Provided data ->
----

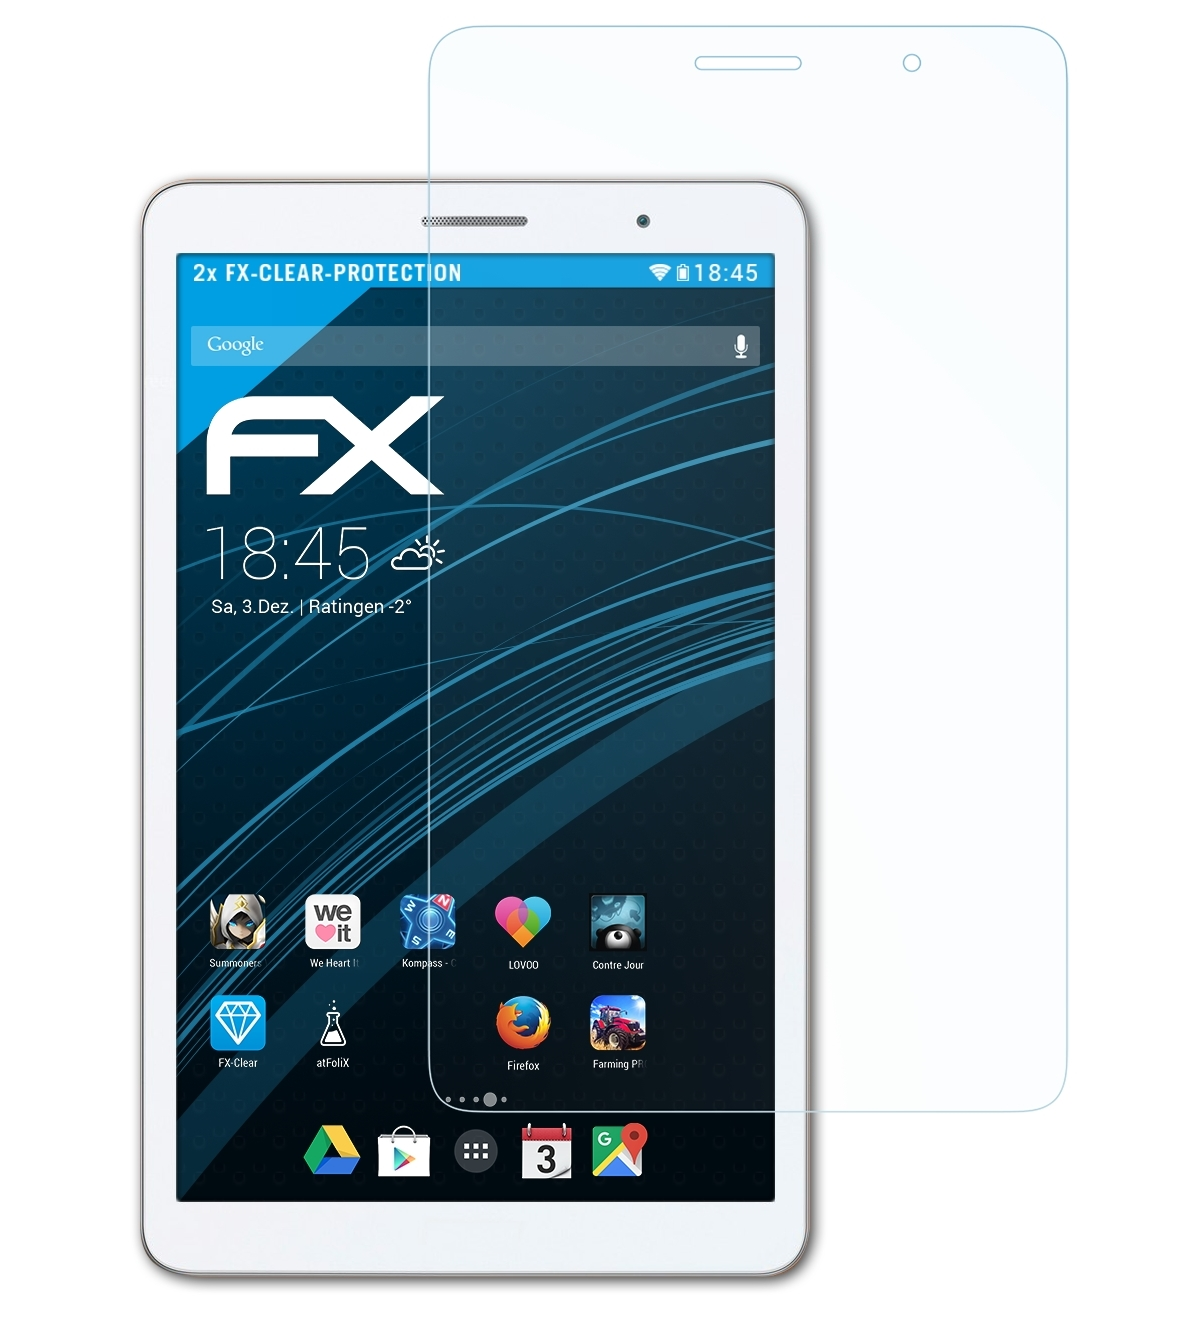 ATFOLIX 2x FX-Clear Displayschutz(für MediaPad T3 Huawei 8.0)
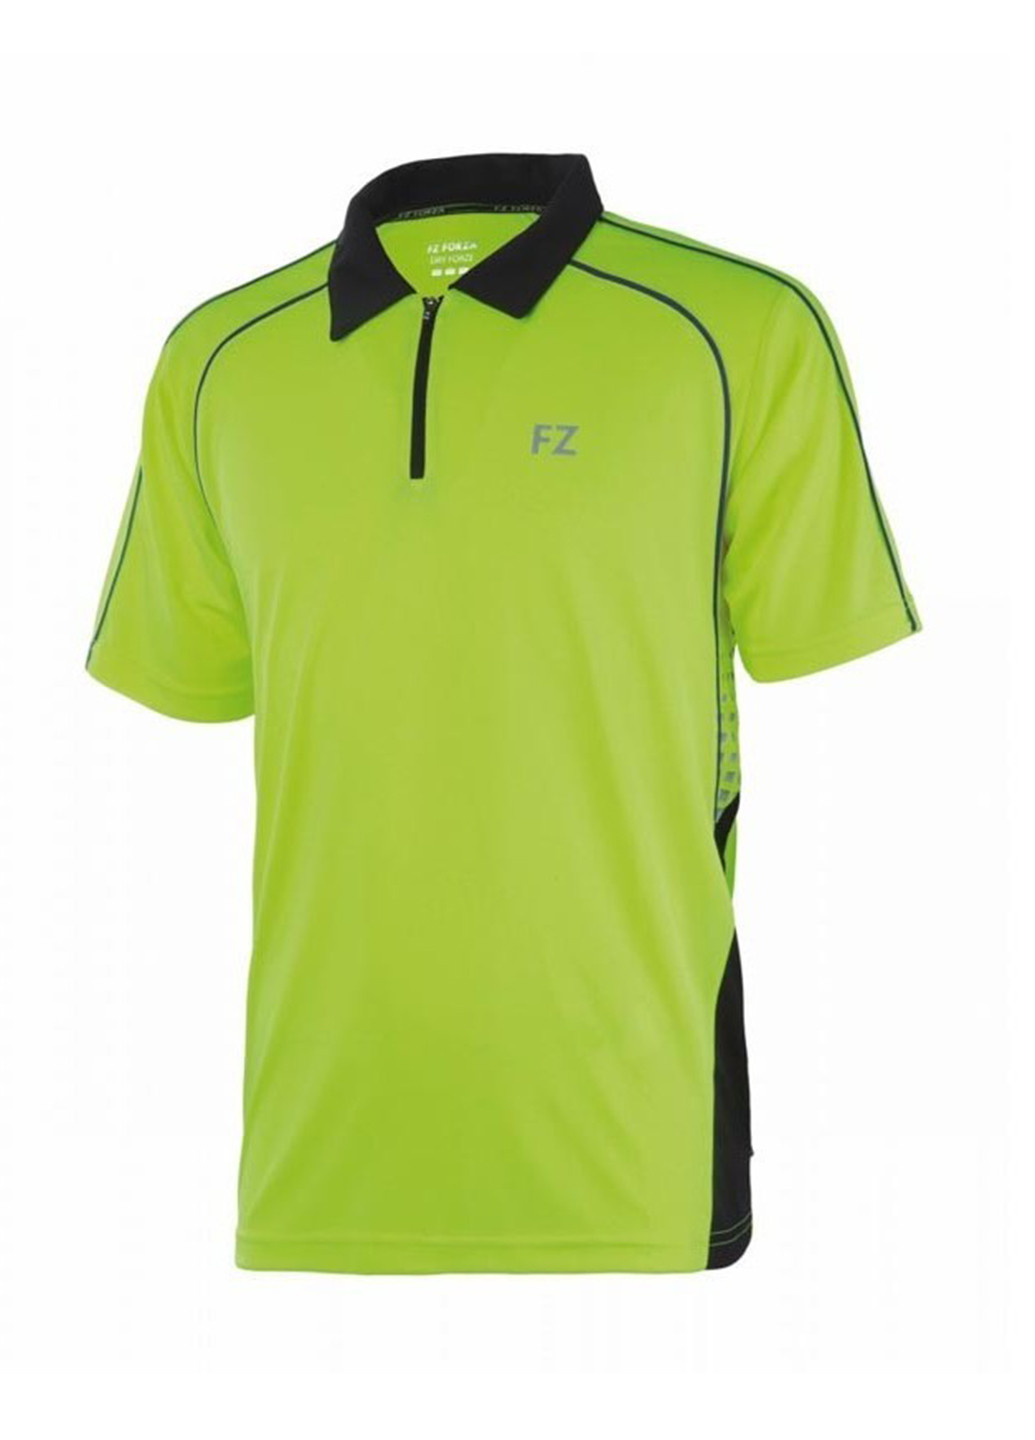 Салатовая футболка-поло для мужчин FZ Forza с логотипом
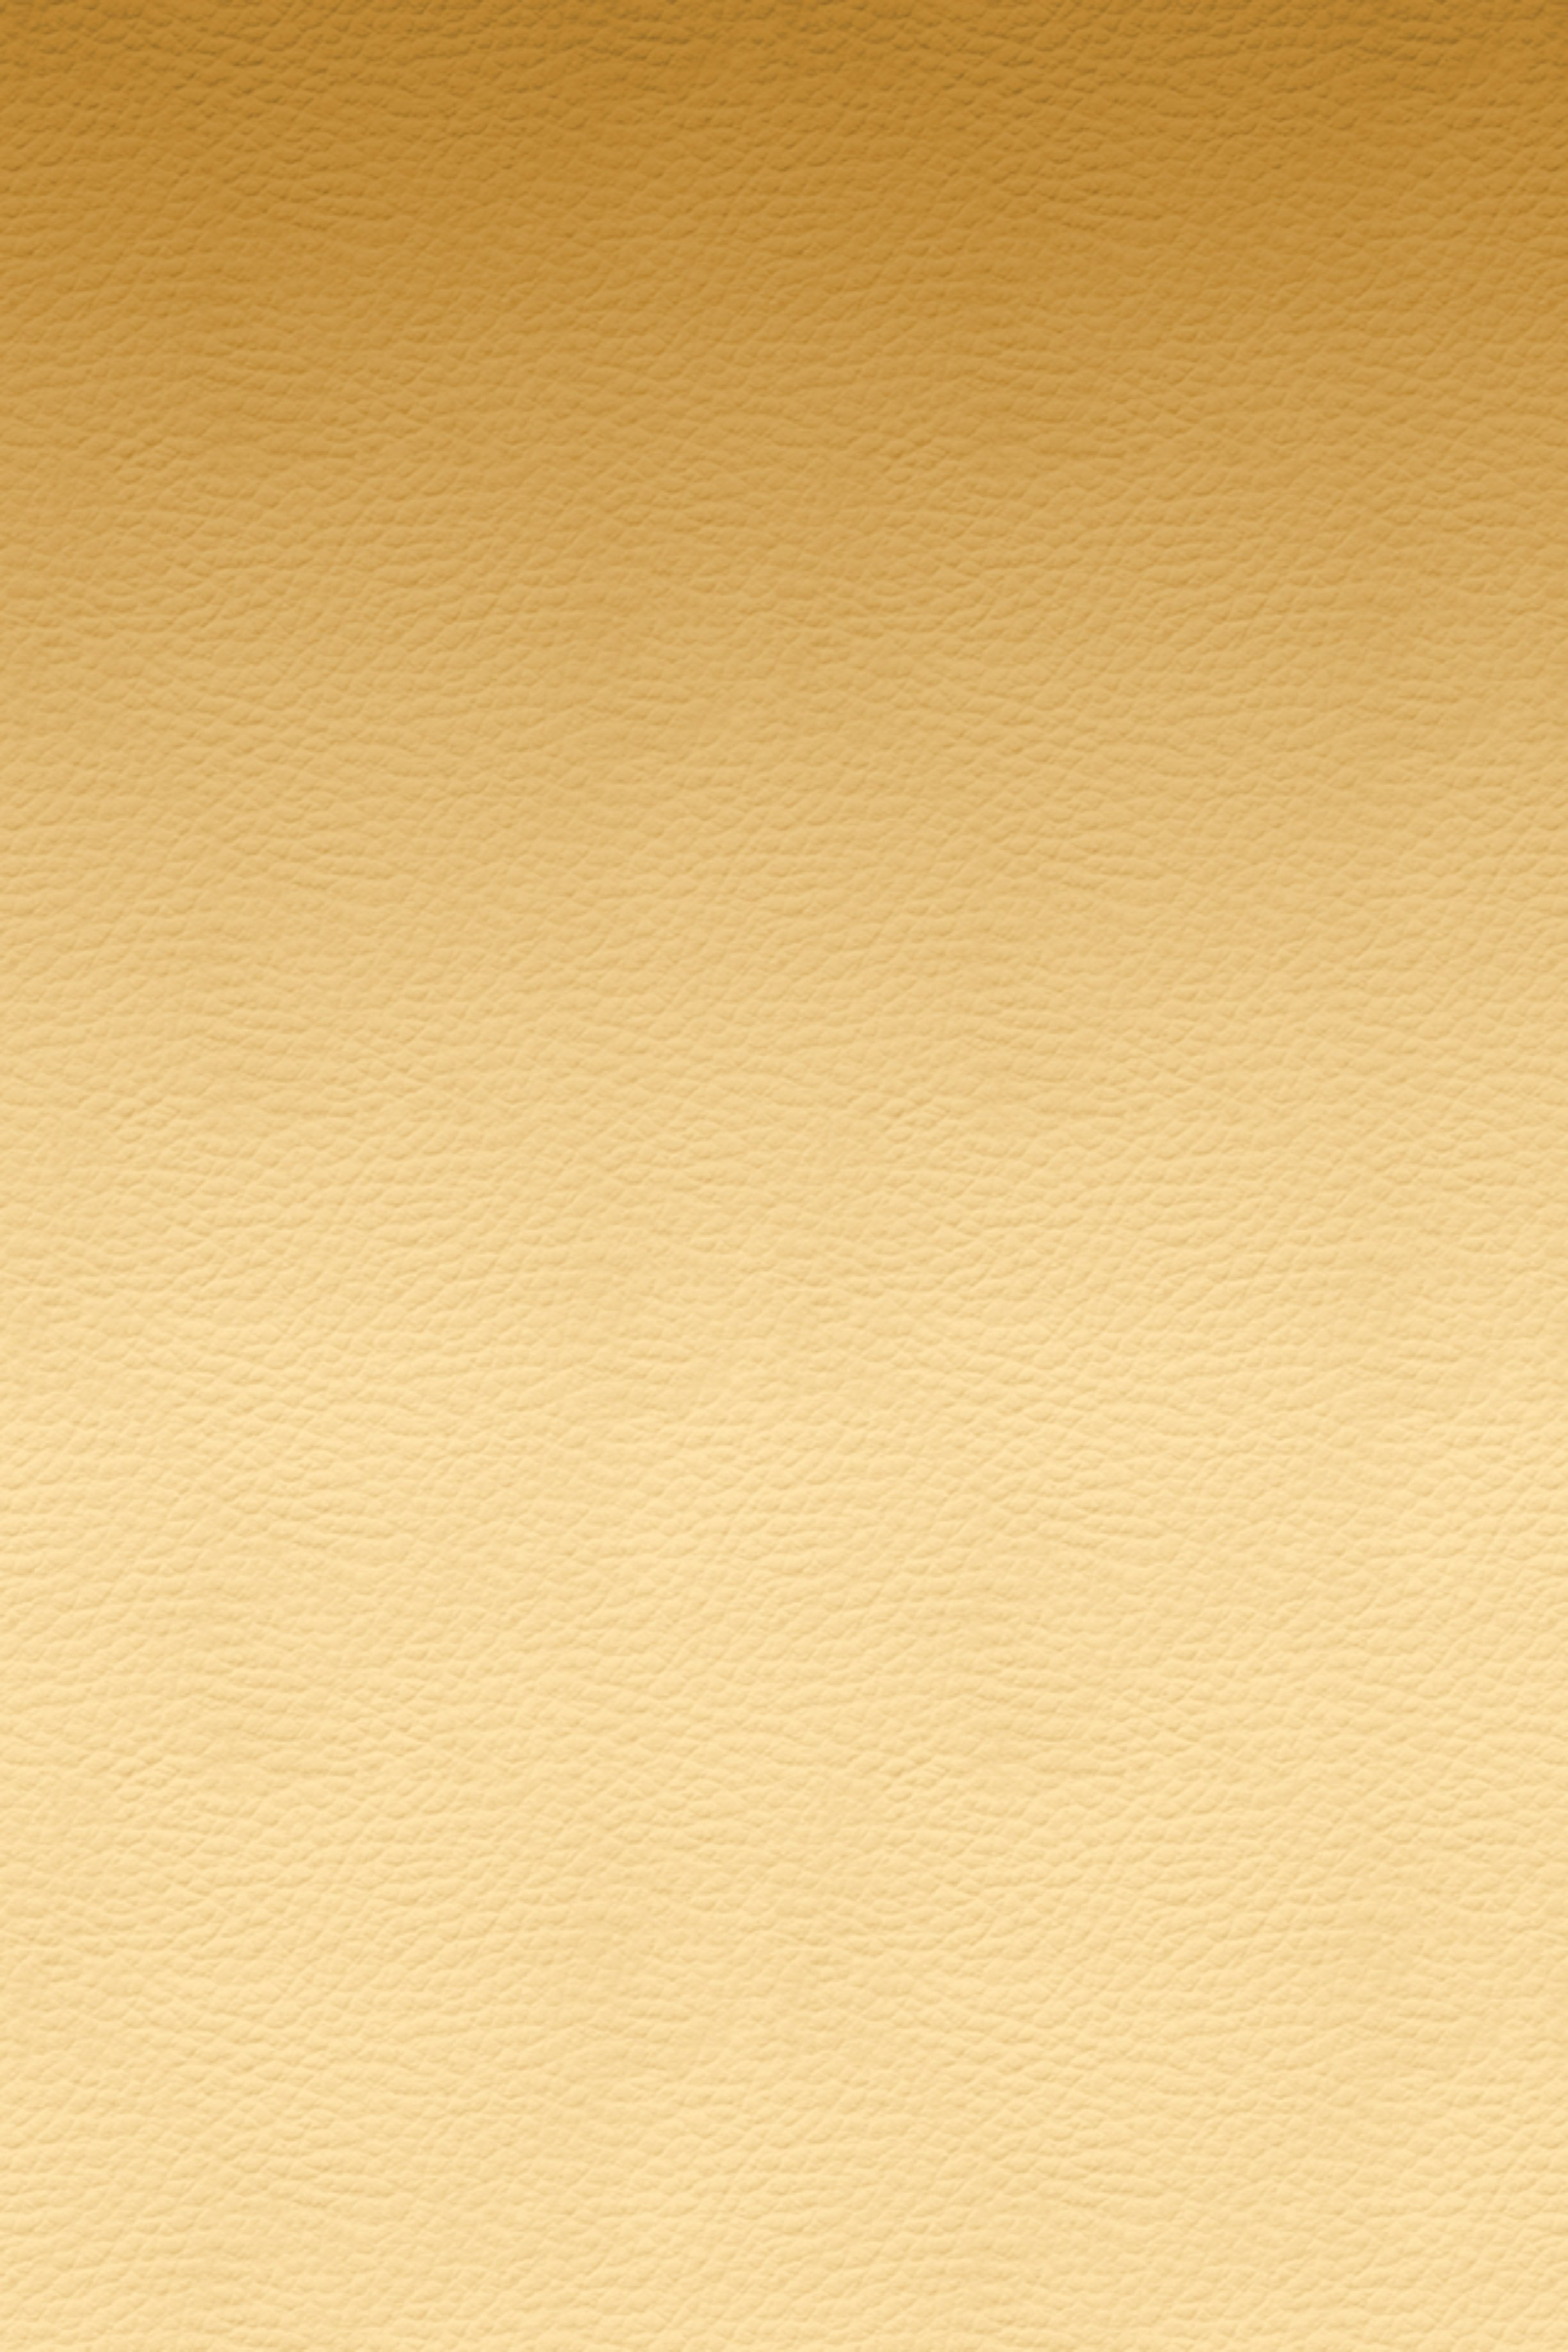 Ios7 Leather Gold Parallax HD iPhone iPad Wallpaper

----

Task directions ->
Give back the full listing above word for word, and let no picture through.

Result of this task ->
 ATFOLIX 2x FX-Clear Displayschutz(für MediaPad T3 Huawei 8.0)
 Салатовая футболка-поло для мужчин FZ Forza с логотипом
 Ios7 Leather Gold Parallax HD iPhone iPad Wallpaper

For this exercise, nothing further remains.